Don’t take another step
, Kealey thought—
Unteroffizier Lang came around the edge of the building. The glow of the cigarette was like the headlight of a jeep. Kealey acted instantly—but not with the gun. He dropped it, at the same time grabbing the man’s left arm with his right hand. He pulled him around to the back of the bunker and pushed his left forearm against the man’s throat, hard. He could literally feel the contours of the man’s windpipe against his own bone. The cigarette clung absurdly to the German’s lower lip as his mouth went wide and his hands became claws that tore at Kealey’s sleeve. The loudest sound the man made was a croaking one that sounded like a cough. Kealey dug his feet into the ground and put his body into the choke and felt the man’s body go from tense to floppy to inert. The American didn’t release his victim until his tongue rolled forward and knocked the smoke to the ground.

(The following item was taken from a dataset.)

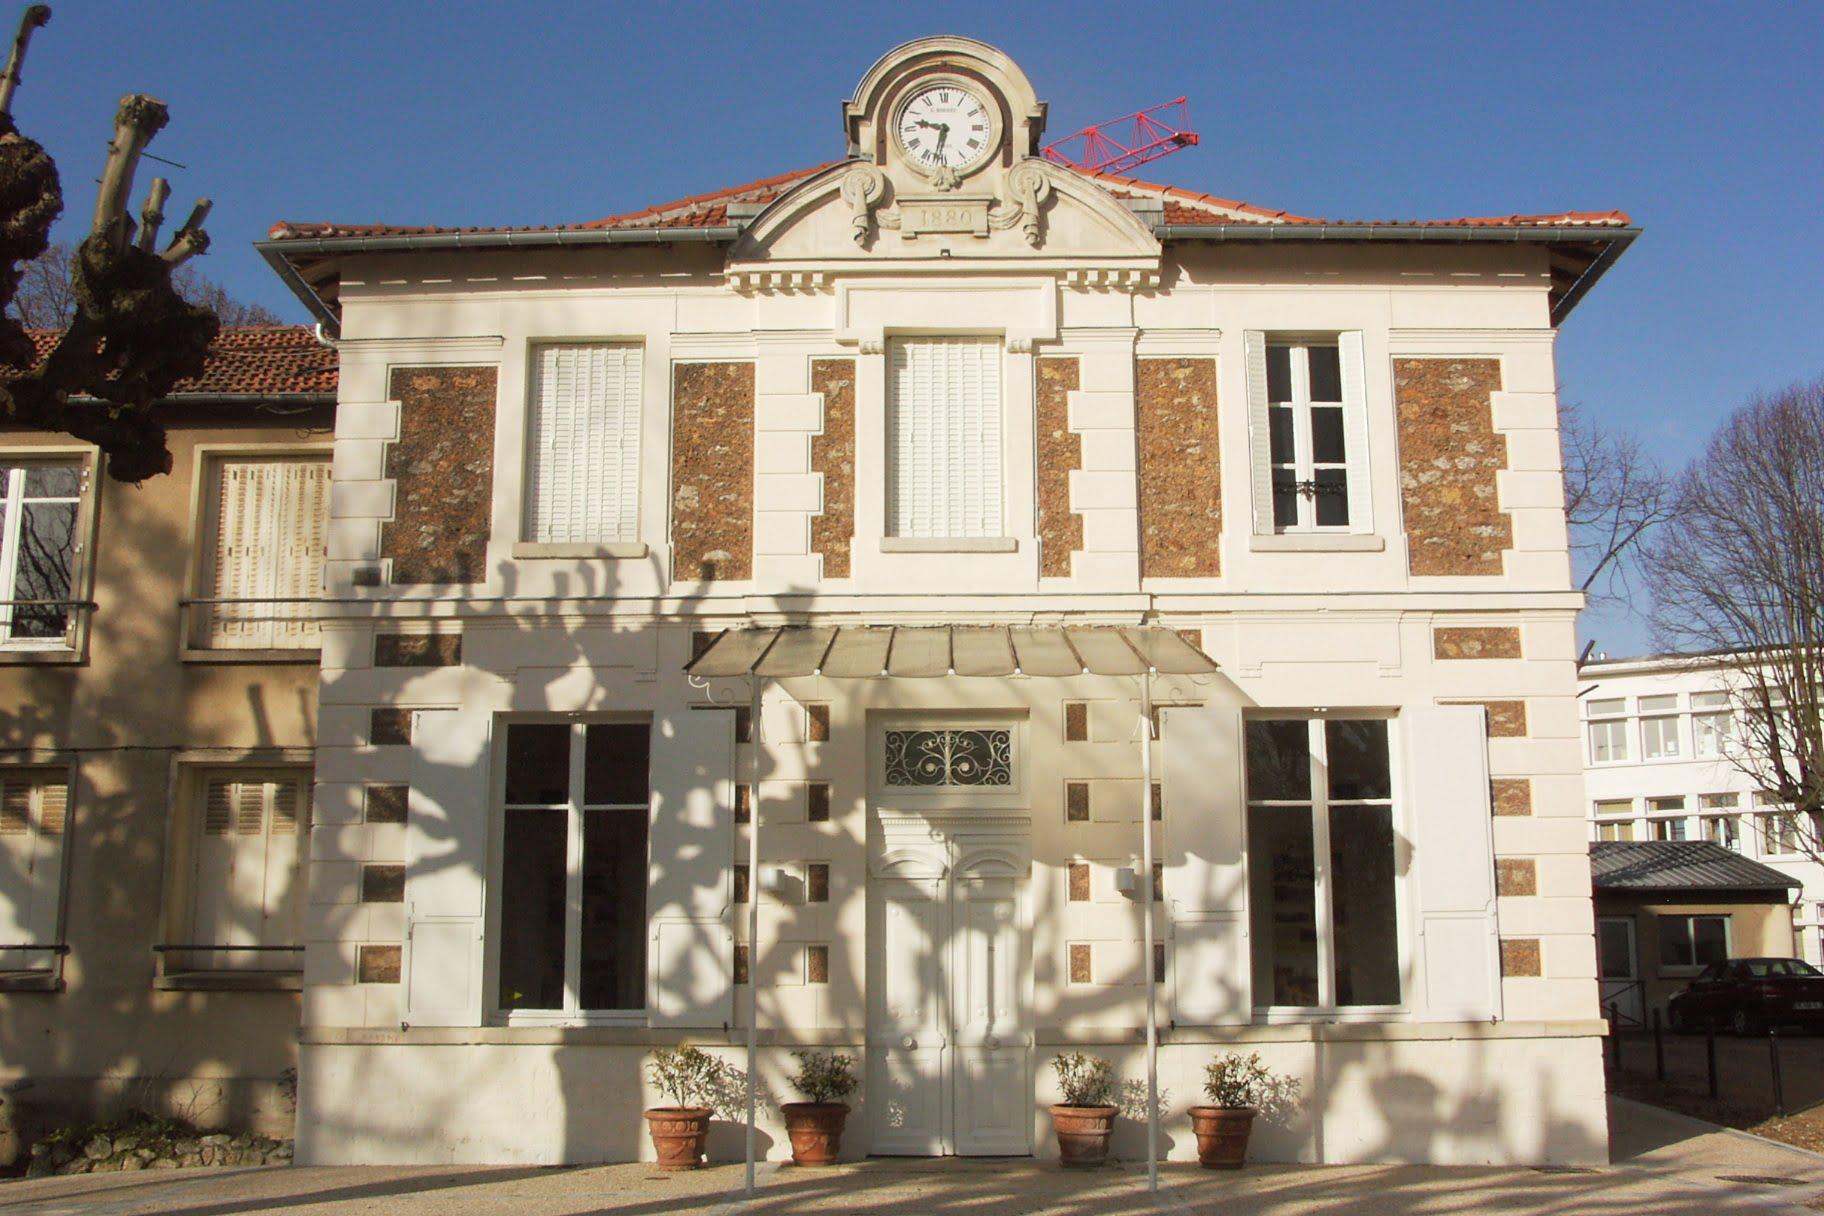 Vie de l association maison de banlieue et de l 39 architecture for Association maison

Kealey crushed it, then lowered the man to the base of the structure.
He had about ten minutes before the next check-in. He had to kill the enlisted man but he couldn’t do it with the gun or dagger the corporal was carrying. There must be no wounds when the body was found.
Kealey took off the radio, laid it on the ground, then removed his own leather belt. He took the pack of cigarettes from his shirt pocket and went around to the front of the reinforced structure. He ducked under the open slit of window, then peeked inside through the “letter slot” in the door—the opening by which visitors were identified before being admitted. The enlisted man was sitting at the radio set. There was a small hot plate to his right, as Kealey had surmised. Coffee was percolating in a pot on top.